- Last week, Target started pulling products made by Hampton Creek off of its shelves, according to Bloomberg. A spokesperson for the retailer said the move comes after it received allegations of food safety concerns and accusations of manipulation and adulteration of Hampton Creek’s products. No consumers have reported illness as a result of consuming the products, the article said.
- The article says Target received reports of pathogens found in a Hampton Creek manufacturing facility and allegations that items in the Just line of vegan condiments, salad dressings, cookies, baking mixes and cookie dough had tested positive for salmonella and listeria. The retailer also claims some products are mislabeled as non-GMO and its Sweet Mustard product contains honey that is not listed on the ingredient label. According to Bloomberg, Target did not confirm these allegations before pulling products, but notified the Food and Drug Association of its concerns.
- Target, which is the largest retailer that sells Hampton Creek products, is the only store to have pulled any items from its shelves. Hampton Creek denies any allegations of impropriety in a company statement. "The allegations that our products are mislabeled and unsafe are false," the statement reads. "The Sweet Mustard product complies with all FDA labeling requirements. Our Non-GMO product claims are supported by ingredient supplier documentation. We are confident that our Non-GMO products are properly labeled. We have robust food safety standards, and as such, we remain confident about the safety of all products we sell and distribute. We look forward to working with Target and the FDA to bring this to a quick resolution."

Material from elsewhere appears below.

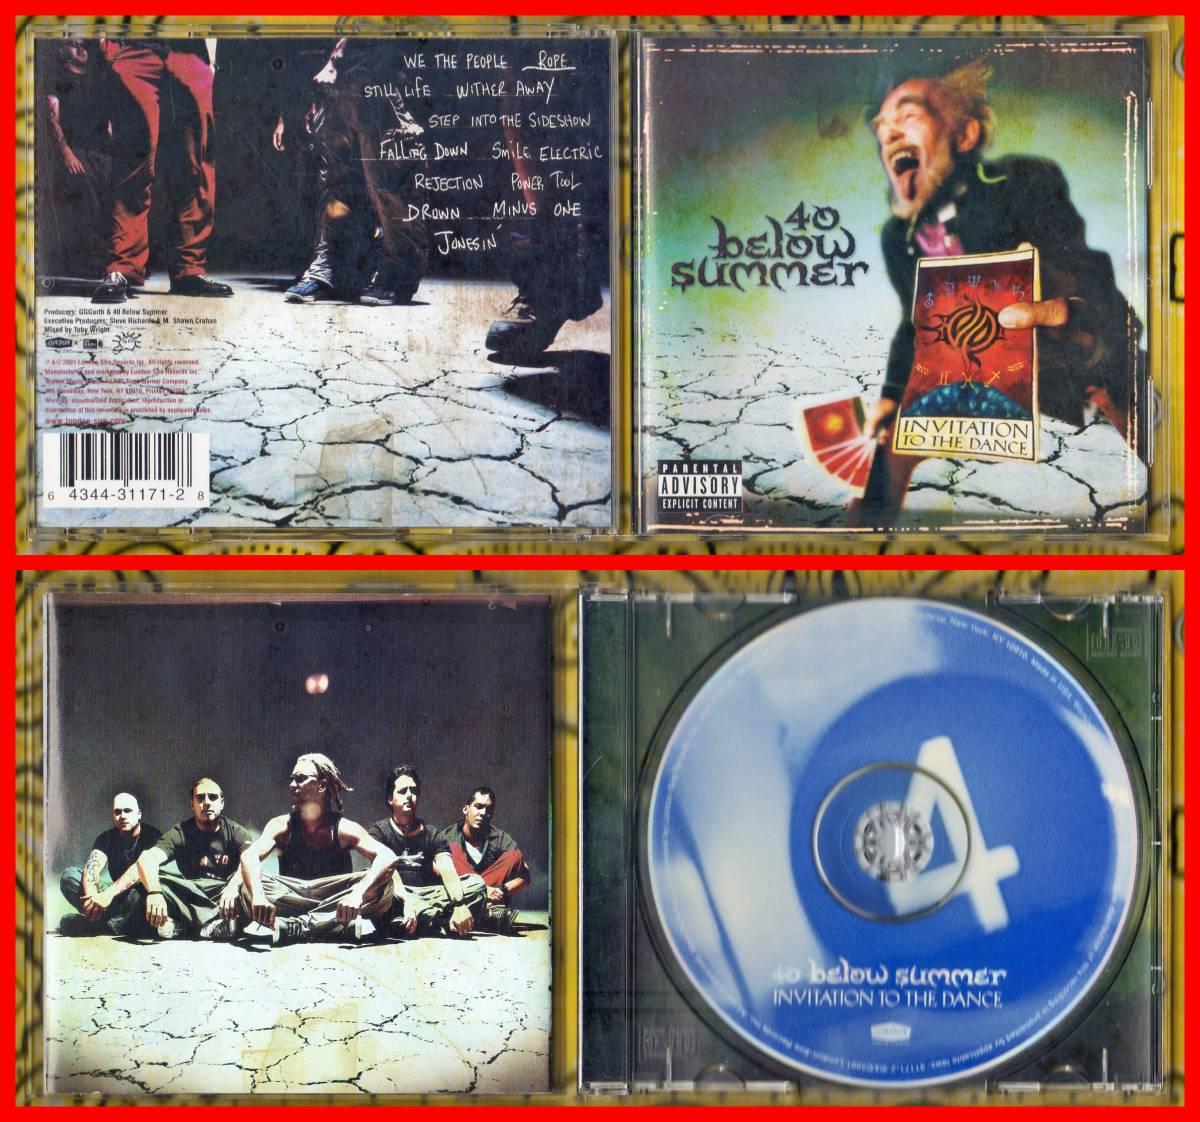 輸入盤cd 40 Below Summer ビロウ サマー ヤフオク

Considering the 1,800 Target stores nationwide carry as many as 20 Hampton Creek products each, this is no small or easy recall. Sources told Bloomberg that Hampton Creek's business with Target is worth about $5.5 million annually, so it also isn't a cheap decision for the retailer to have made.
Target is conducting the recall properly, but the root cause remains a big question. Products usually test positive for harmful bacteria before being pulled off shelves. Most of the time, mislabeling-related recalls happen when products contain ingredients that aren't usually used — like milk, nuts or flour coming into contact with a free-from item. Not to mention most recalls aren't isolated to a single store, or involve all diverse products from a single manufacturer. And manufacturers of recalled products don't usually issue such firm denials.
Hampton Creek has attracted widespread scrutiny for its business and manufacturing in the past, but food safety issues have not previously plagued the company. Last year, Hampton Creek issued a voluntary recall of cake mixes containing Native Forest coconut milk powder because the ingredient was found to contain salmonella in internal tests.
Considering that Target has been working hard to revamp its foundering grocery business, Hampton Creek may simply be a casualty of the retailer trying to change its image. The nationwide retailer has been trying to become a bigger player in the segment, and unveiled plans earlier this year for a "reimagined" 124,000-square foot store. It has more of a focus on what grocery customers want: an enhanced produce department, more grab-and-go and prepared meals, self-checkouts, a wine and beer shop and circular aisles in the center of the store. The first stores under this model are scheduled to open in Houston this summer, with 500 more planned by the end of 2019.
By placing a premium on food safety, Target also may be working this angle to differentiate itself from other retailers. However, the Hampton Creek part of this plan may backfire. Considering the vegan spreads and snacks company has a loyal customer base that has already turned to social media to protest the recall, consumers may find another place to shop.
Hampton Creek has faced — and beat — a lot of adversity in its five years of doing business. Considering its track record thus far, it is likely to survive this scandal — potentially to Target's detriment.